3. Configure Attribute Mappings

Map AWS SSO attributes to SAML assertions:

Application AttributeAWS SSO AttributeFormat
Subject$emailAddress
email$unspecified
username$unspecified
firstName$unspecified
lastName$unspecified
memberOf$unspecified

4. Download IdP Metadata

  1. In AWS SSO application settings, click View instructions
  2. Download the IdP metadata XML file
  3. Extract the IdP certificate and SSO URL from metadata
  4. Update BoilStream configuration with these values

5. Assign Users and Groups

  1. Go to Assigned users tab
  2. Click Assign users
  3. Select users or groups to grant access
  4. Configure permission sets as needed

SAML Endpoints

BoilStream provides the following SAML endpoints:

Service Provider Metadata

GET /auth/saml/metadata

Returns SP metadata XML for IdP configuration.

SSO Initiation

GET /auth/saml/login?RelayState=/dashboard

Initiates SAML authentication flow with optional RelayState.

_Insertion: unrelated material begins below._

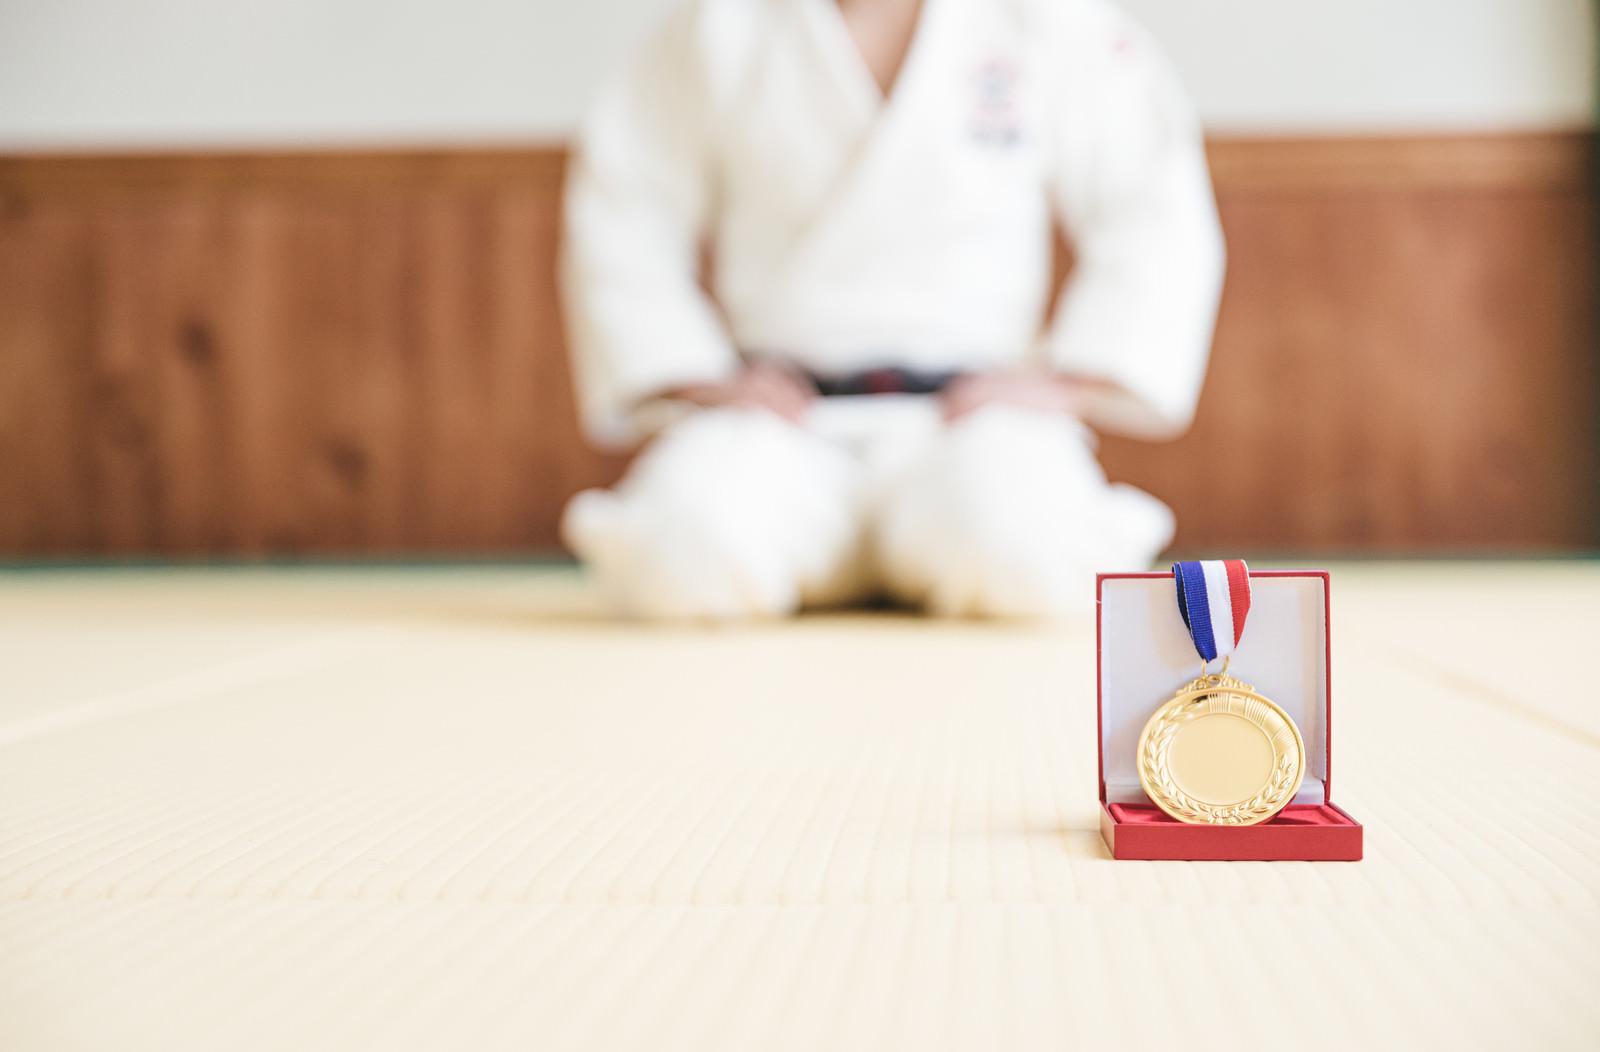 「金メダルと柔道場」の写真

Assertion Consumer Service (ACS)

POST /auth/saml/acs

Receives and processes SAML responses from IdP.

Single Logout

POST /auth/saml/logout

Handles SAML logout requests and responses.

Client Integration

PostgreSQL Client Connection Flow

  1. Initial Connection Attempt:
bash
# Attempt to connect to BoilStream PostgreSQL interface
psql -h localhost -p 5432 -U your_email@example.com -d boilstream

# Server responds with SAML login URL
# ERROR: Please authenticate at: https://your-app.example.com/auth/saml/login?session=abc123
  1. Browser-Based SAML Authentication:
javascript
// User opens the provided URL in browser
// After successful AWS SSO login, credentials are displayed:
// Username: saml_user_abc123
// Password: generated_password_xyz789
// Valid until: 2024-01-20 15:30:00 UTC
  1. Connect with Generated Credentials:
bash
# Use the SAML-generated credentials
psql -h localhost -p 5432 -U saml_user_abc123 -d boilstream
# Enter password: generated_password_xyz789

# Now connected to BoilStream via PostgreSQL protocol
boilstream=> SELECT * FROM s3.events LIMIT 10;

DBeaver Configuration

  1. Create new PostgreSQL connection
  2. Set connection parameters:
    • Host: localhost
    • Port: 5432
    • Database: boilstream
  3. On first connection, follow SAML login URL
  4. Enter generated credentials in DBeaver

Programmatic Access (Python)

python
import psycopg2
import webbrowser

def connect_with_saml():
    try:
        # Initial connection attempt
        conn = psycopg2.connect(
            host="localhost",
            port=5432,
            database="boilstream",
            user="your_email@example.com"
        )
    except psycopg2.OperationalError as e:
        # Extract SAML login URL from error message
        if "authenticate at:" in str(e):
            login_url = str(e).split("authenticate at: ")[1]
            print(f"Please login at: {login_url}")
            webbrowser.open(login_url)

            # Wait for user to complete SAML login
            username = input("Enter generated username: ")
            password = input("Enter generated password: ")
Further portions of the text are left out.